ANKARA, 18 May 2006 — A gunman opened fire in Turkey’s top administrative court yesterday, killing one judge and injuring four other judges in a shooting which the country’s leaders condemned as an attack on its secular establishment.
The court’s deputy chairwoman Tansel Colasan said the assailant described himself as a “soldier of Allah” as he carried out the attack. President Ahmet Necdet Sezer said it would go down as a “black mark in the republic’s history.” The court, the Council of State, has faced fierce criticism in Islamist circles for hard-line implementation of secularist laws such as a head scarf ban in universities and state offices.
The attack is a stark reminder of the great divide between Turkey’s secularists and those they perceive as Islamists bent on reviving the influence of religion in national life.
The attacker burst into the court’s second chamber and started shooting with a handgun during a committee meeting at around 10 a.m. (0700 GMT). “He came in shouting: ‘We are the emissaries, the soldiers of Allah’,” said Tansel Colasan, deputy head of the Council of State. “He said he decided to act because of the head scarf ruling, which he said should be punished,” she told reporters.
The wounded were treated at the Hacettepe University Hospital.
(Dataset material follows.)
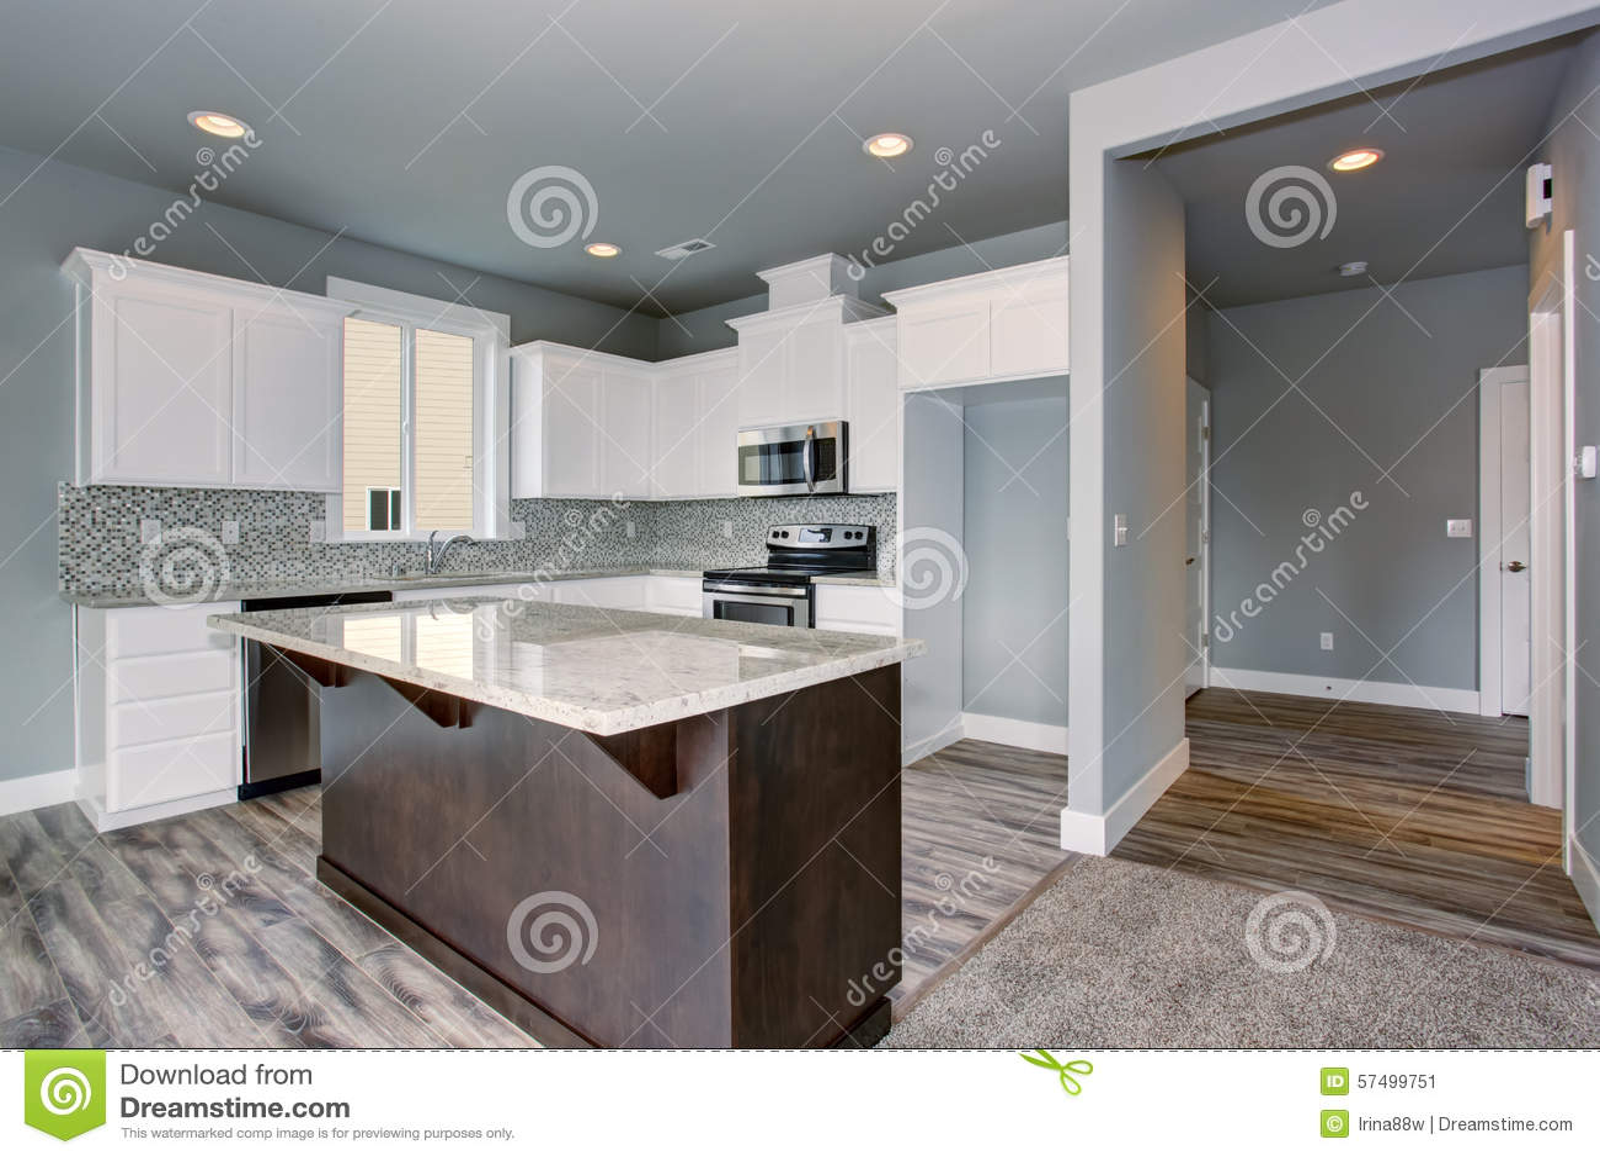 Pavimento Bianco E Grigio : Pavimento cucina grigio. trendy pavimento grigio chiaro colore

Hacettepe University President Tuncalp Ozgen told reporters Mustafa Yucel Ozbilgin had died from his injuries. The chamber’s chairman Mustafa Birden was among the injured.
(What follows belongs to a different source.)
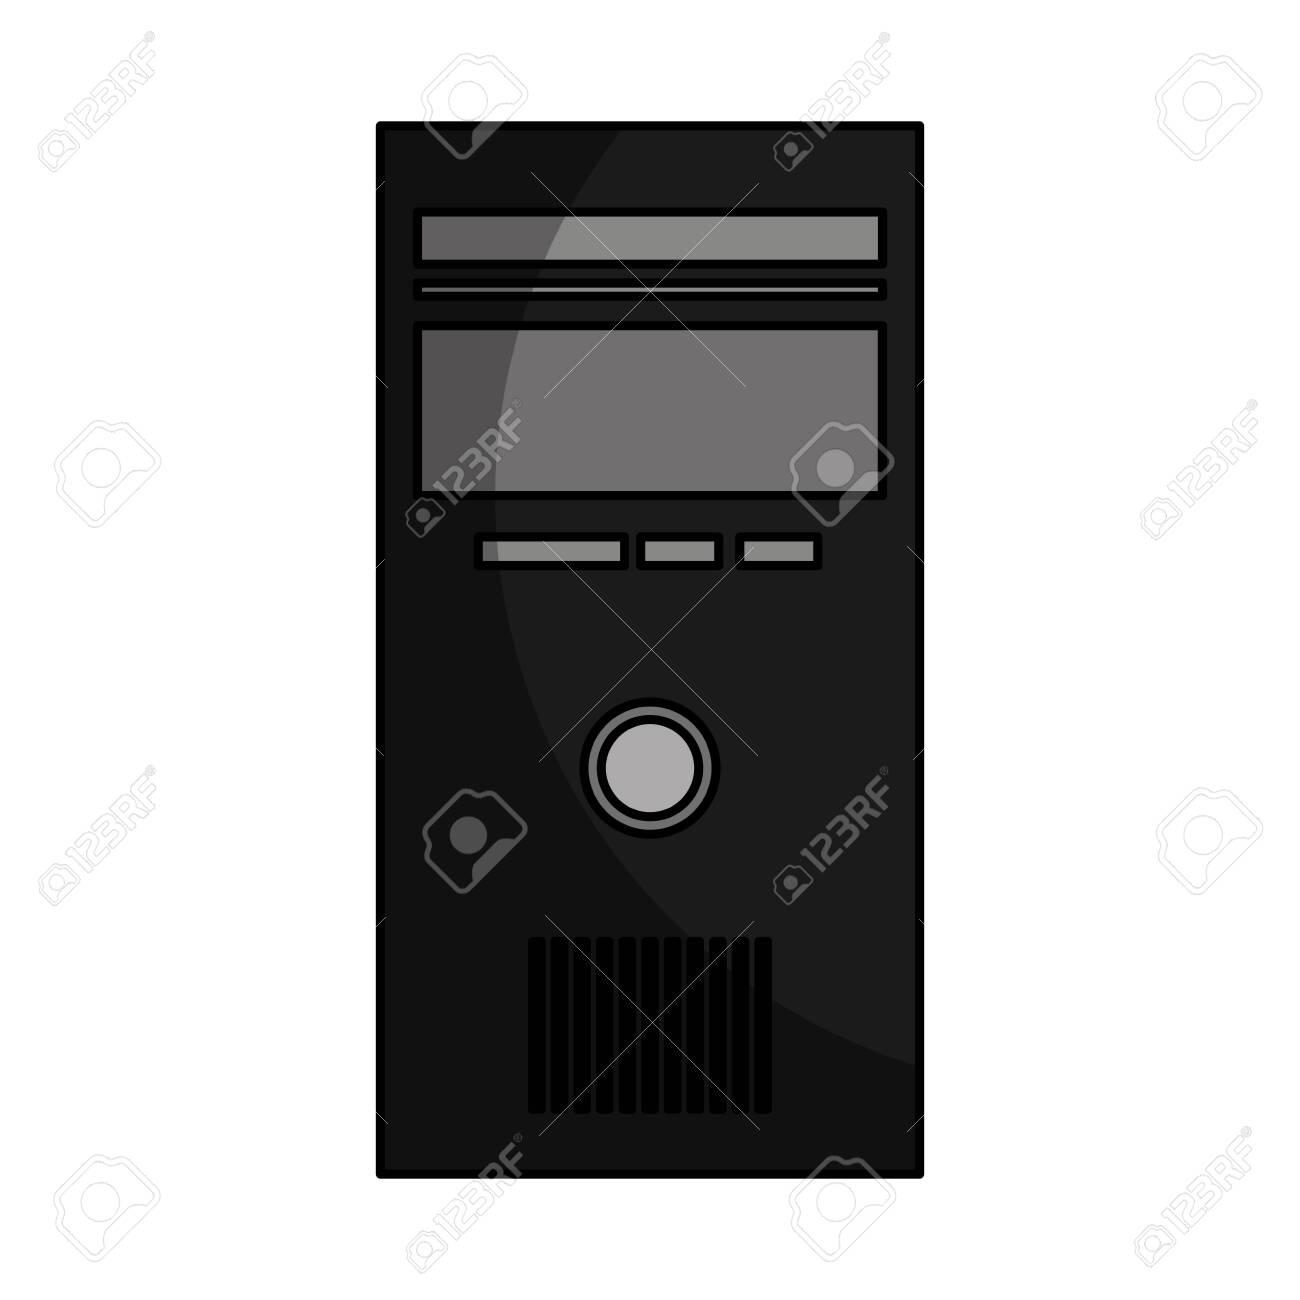 computer desktop cpu isolated icon vector illustration design - 124202197

The gunman, identified as 29-year-old Alpaslan Aslan, a lawyer registered with the Istanbul Bar Association, was arrested immediately after the attack. Television footage showed police escorting a lean young man wearing a khaki suit and a tie into a court building.
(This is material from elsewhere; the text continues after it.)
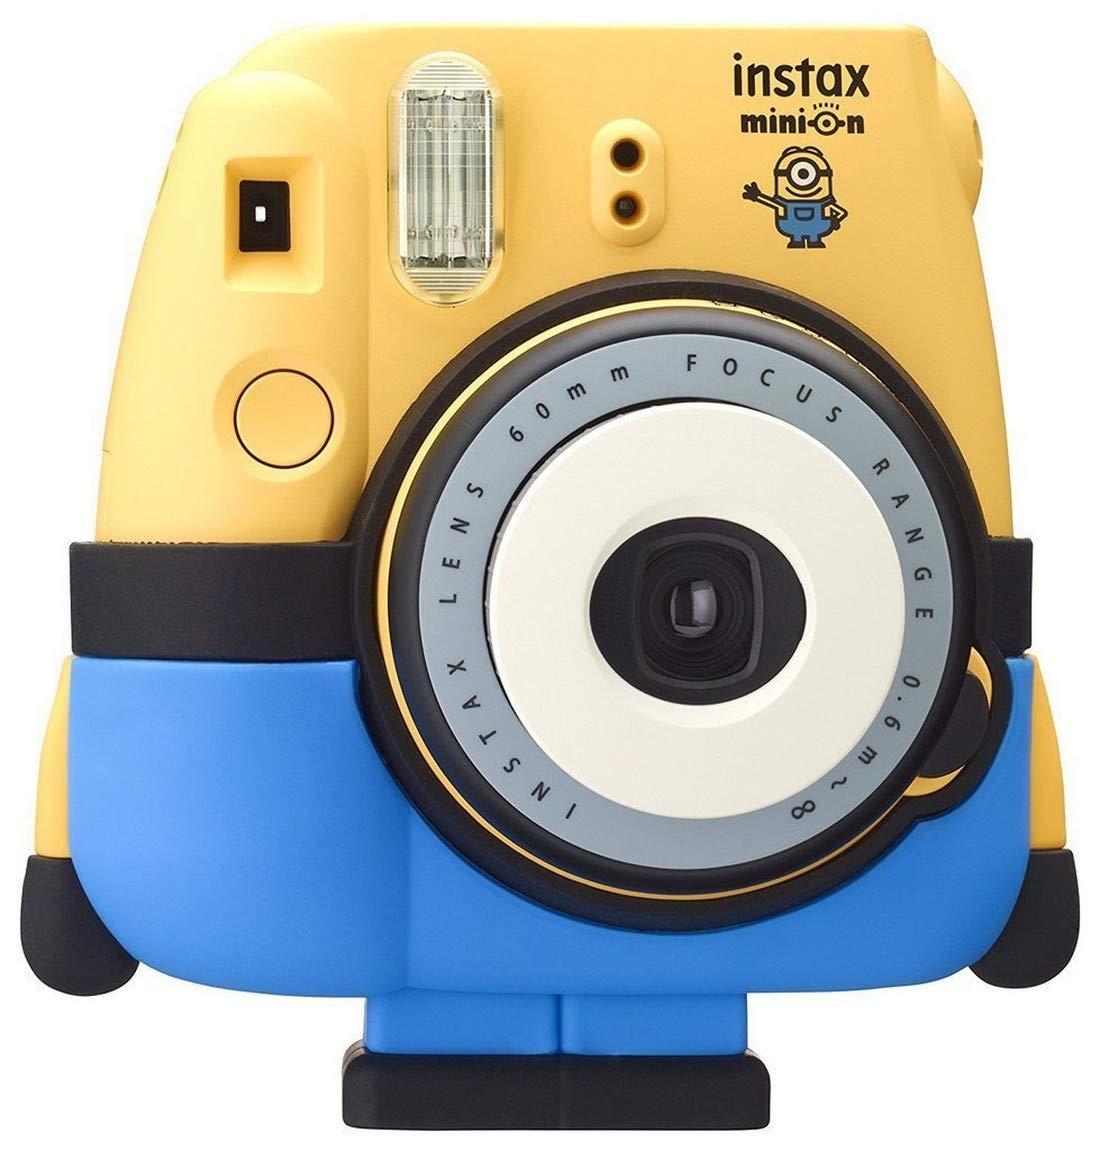 d6d7a37b6c4fcd Fujifilm Instax Mini 8 Minion Appareil photo instantané Jaune Bleu   Amazon.fr  Photo   Caméscopes

Justice Minister Cemil Cicek, who visited the court after the shooting, said: “We strongly condemn this attack, which no cause can justify.” Prime Minister Recep Tayyip Erdogan also condemned the attack, but angrily rejected any ties between the incident and his Islamist-rooted Justice and Development Party’s (AKP) campaign to lift the headscarf ban.
Erdogan, who was critical of the court’s head scarf decision in February, was quick to condemn yesterday’s shooting. “I curse and condemn this incident,” Erdogan said. “It is very ugly to draw such links,” Erdogan said.
The CNN Turk website reported the assailant as saying in interrogation he had targeted the judges because of a ruling in February preventing a woman from becoming a head teacher because she wore a head scarf. It did not give a source for the report.